• [Task description] Apart from the pictures, the listing is to be returned exactly.

• [Material provided]
══════

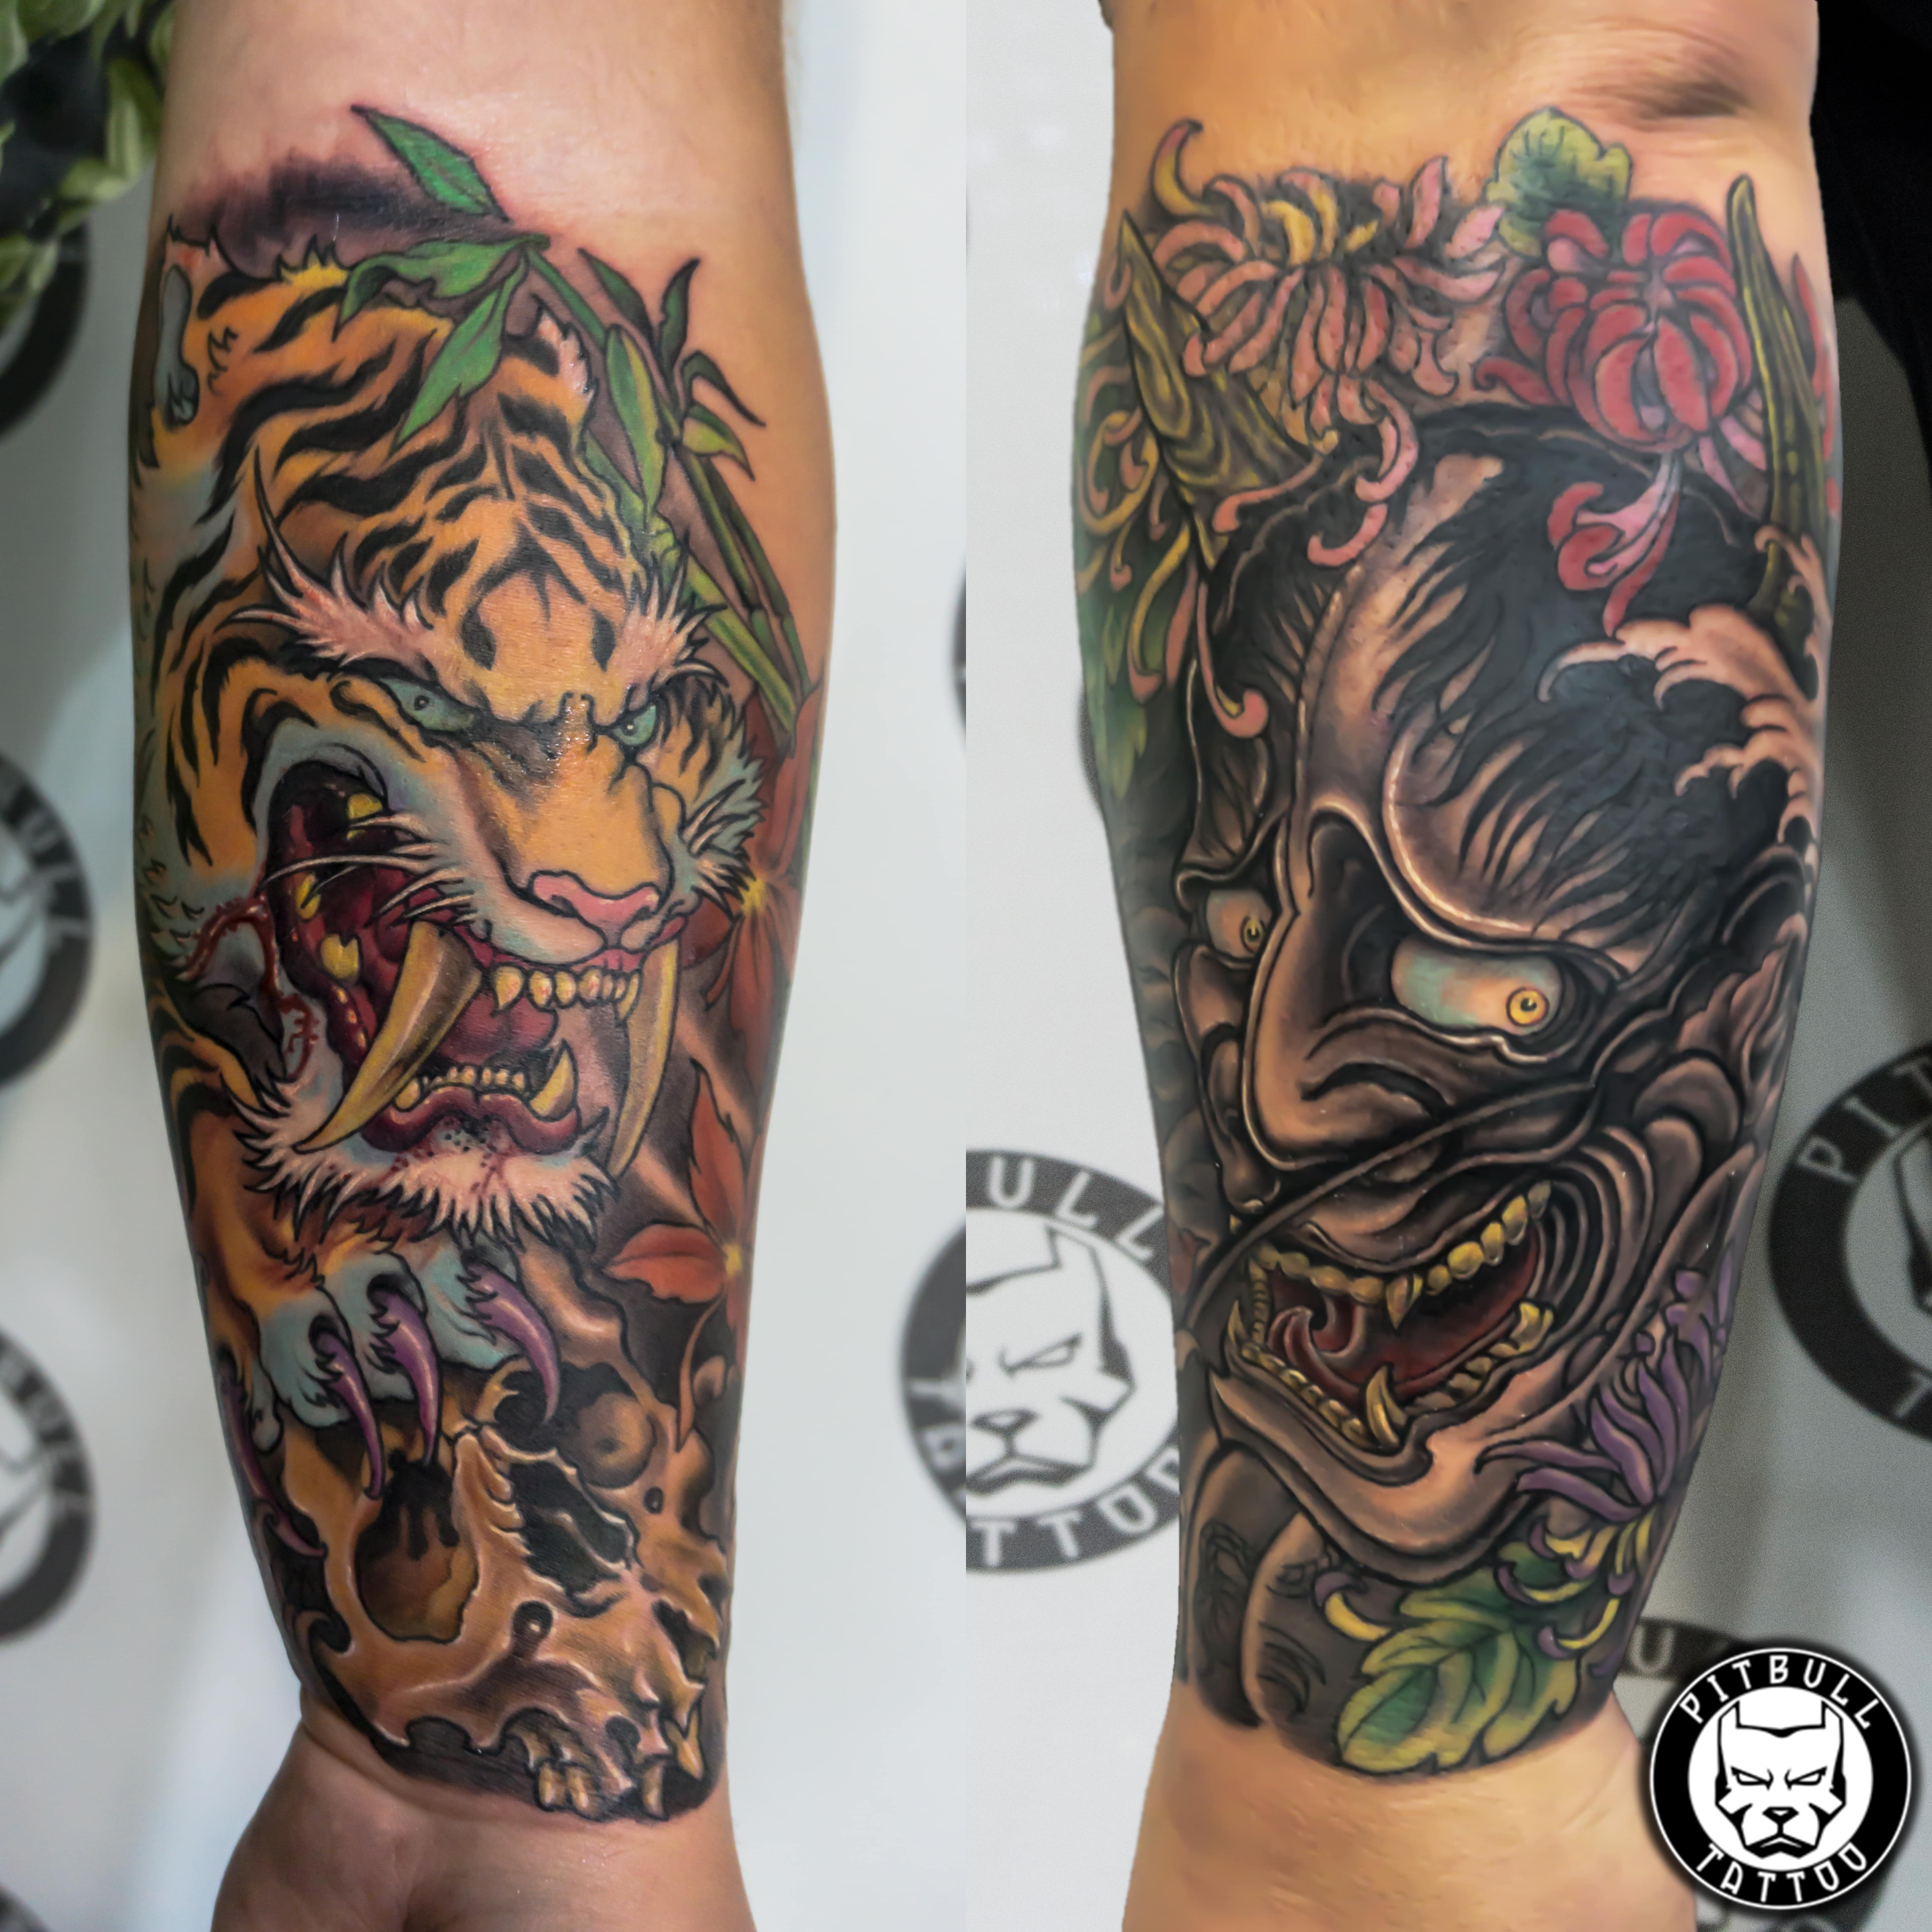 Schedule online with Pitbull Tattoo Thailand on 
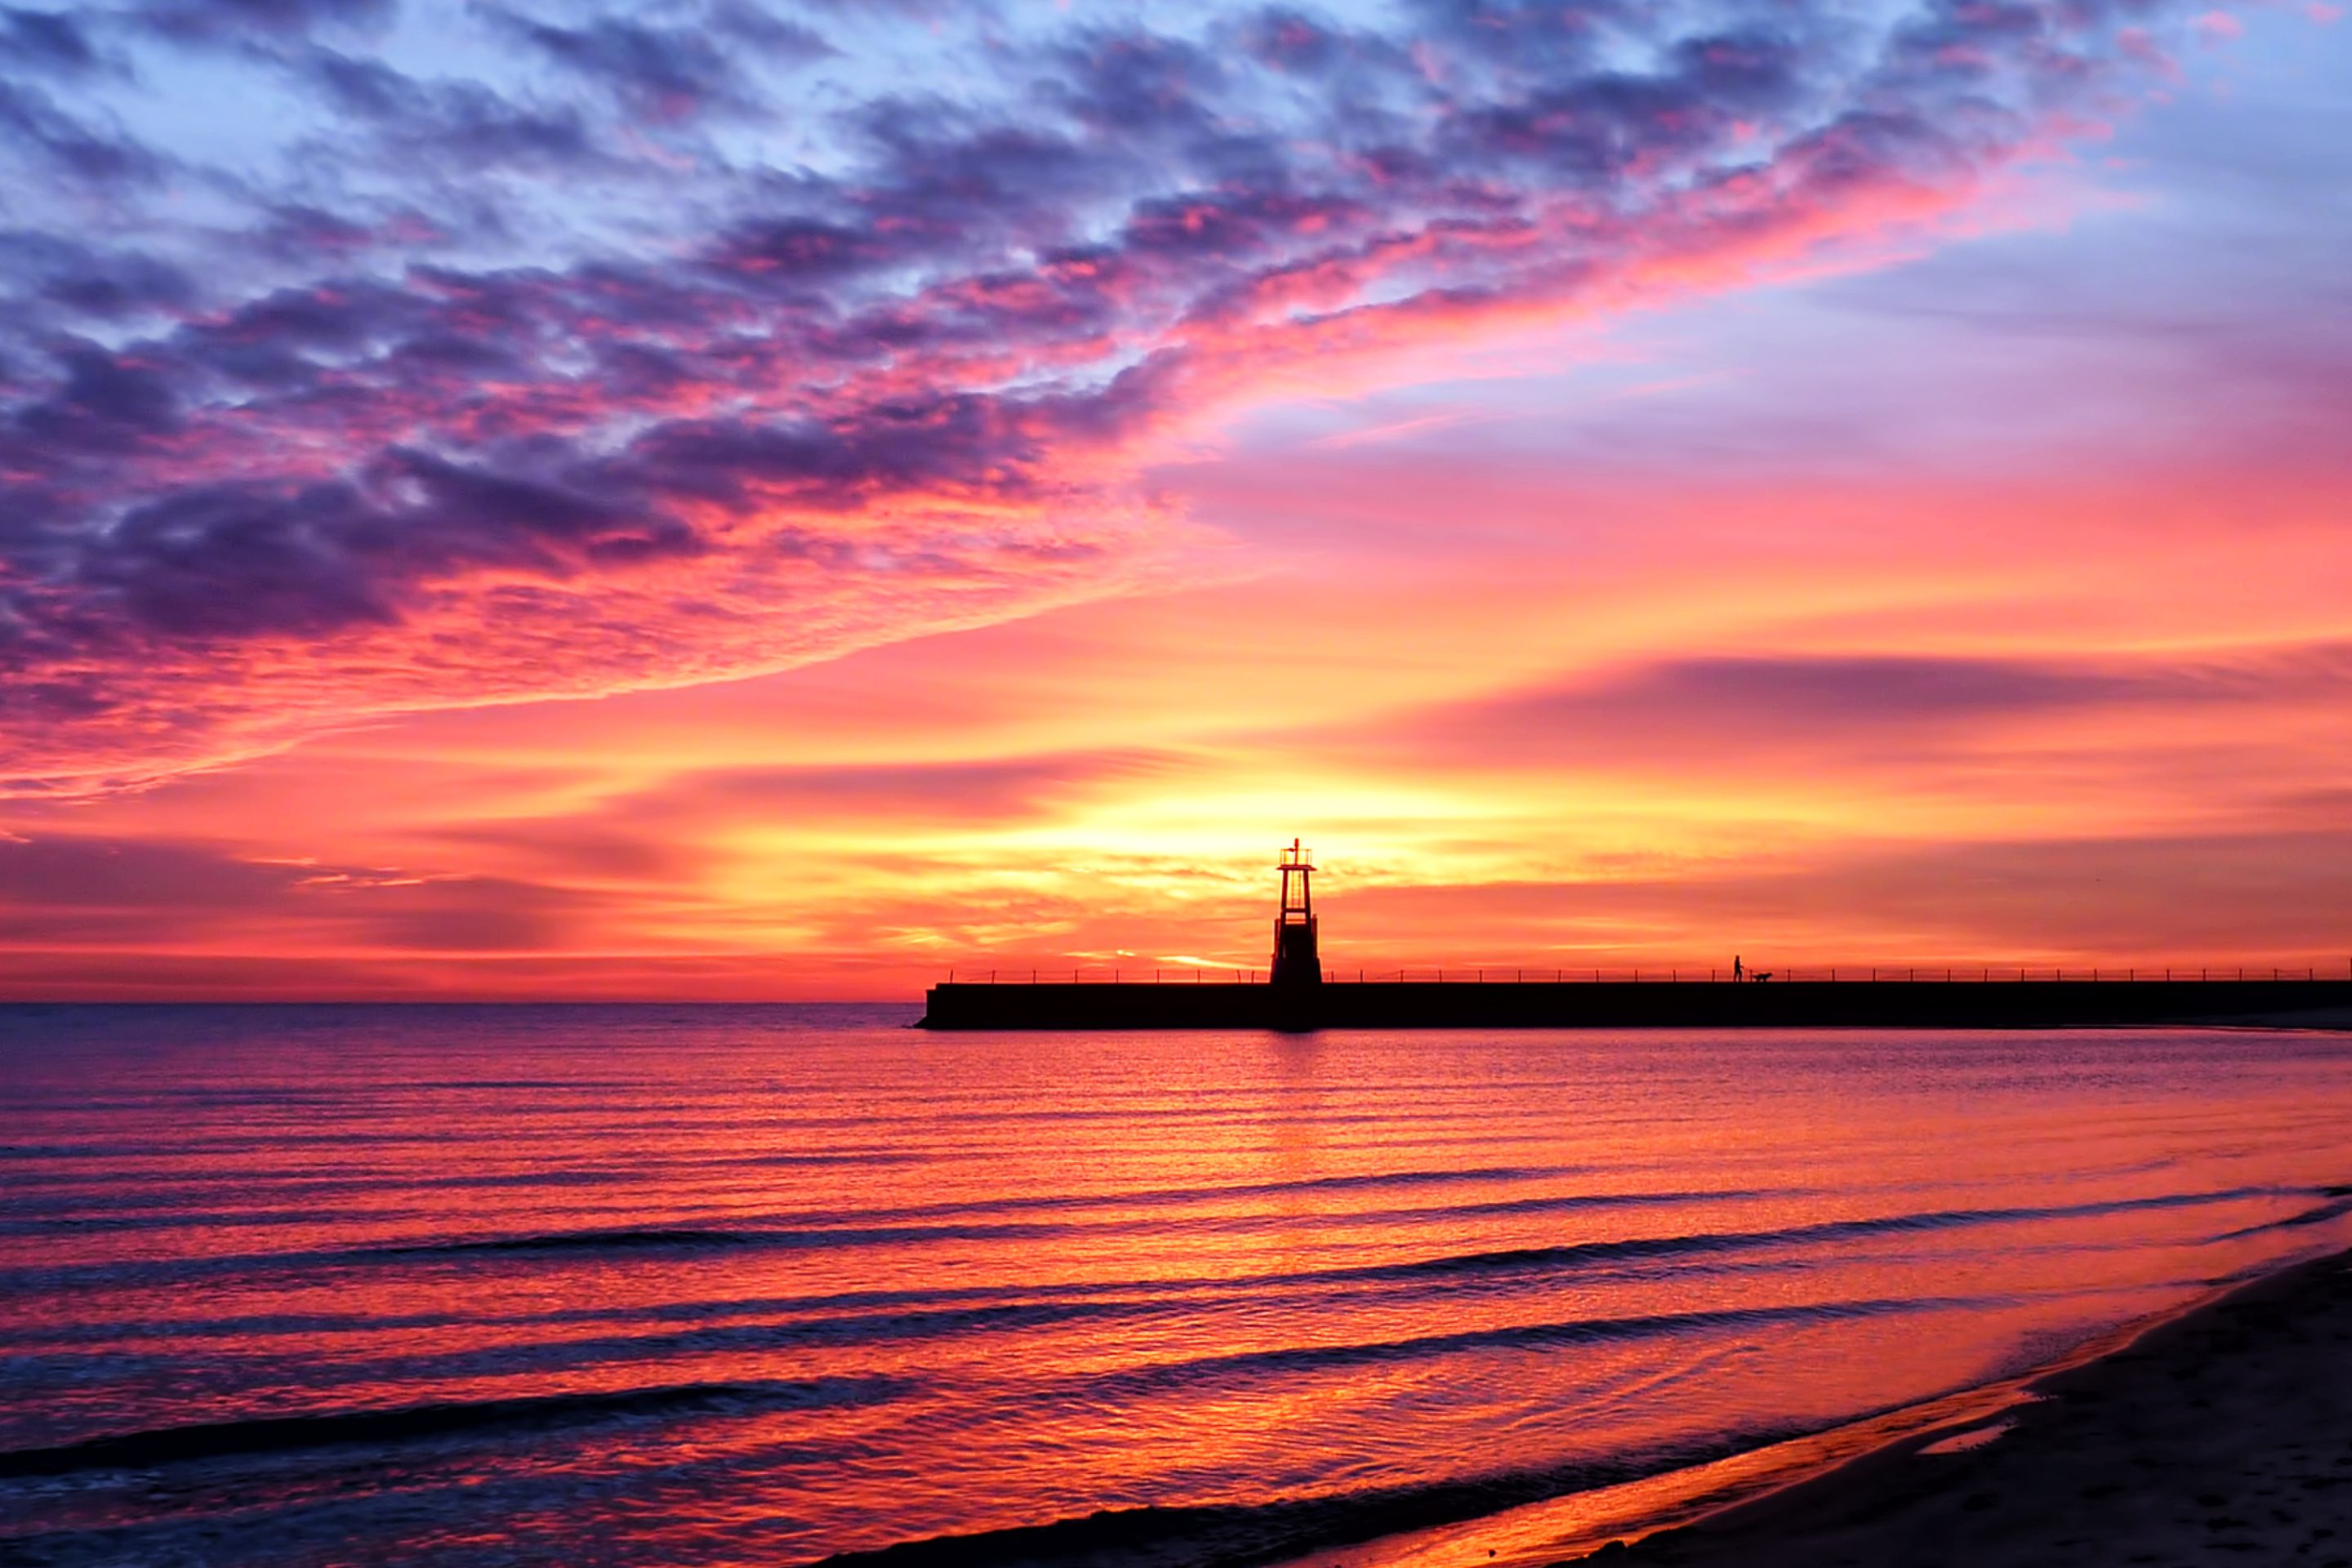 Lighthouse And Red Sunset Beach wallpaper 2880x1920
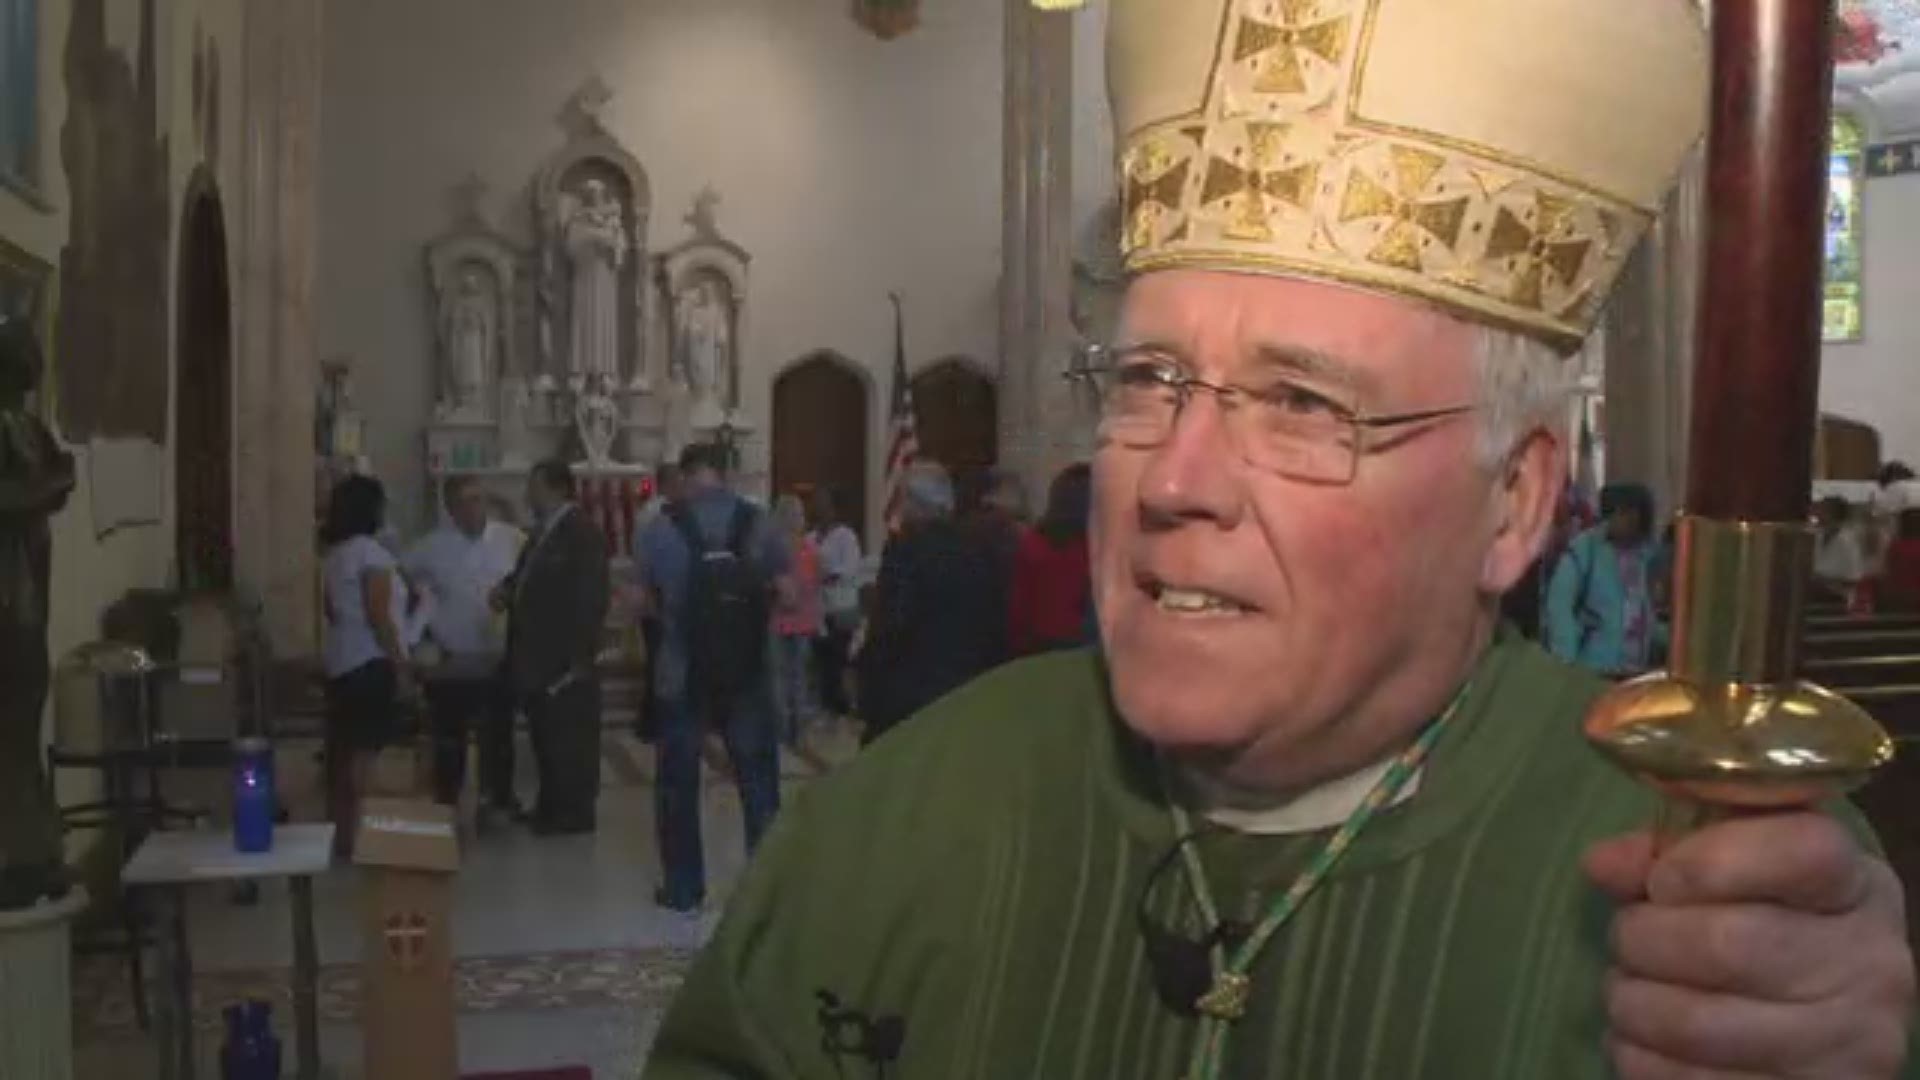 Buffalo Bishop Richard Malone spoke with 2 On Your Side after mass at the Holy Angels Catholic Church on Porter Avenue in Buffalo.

══════

• [Expected answer]
 Schedule online with Pitbull Tattoo Thailand on 
 Lighthouse And Red Sunset Beach wallpaper 2880x1920
 Buffalo Bishop Richard Malone spoke with 2 On Your Side after mass at the Holy Angels Catholic Church on Porter Avenue in Buffalo.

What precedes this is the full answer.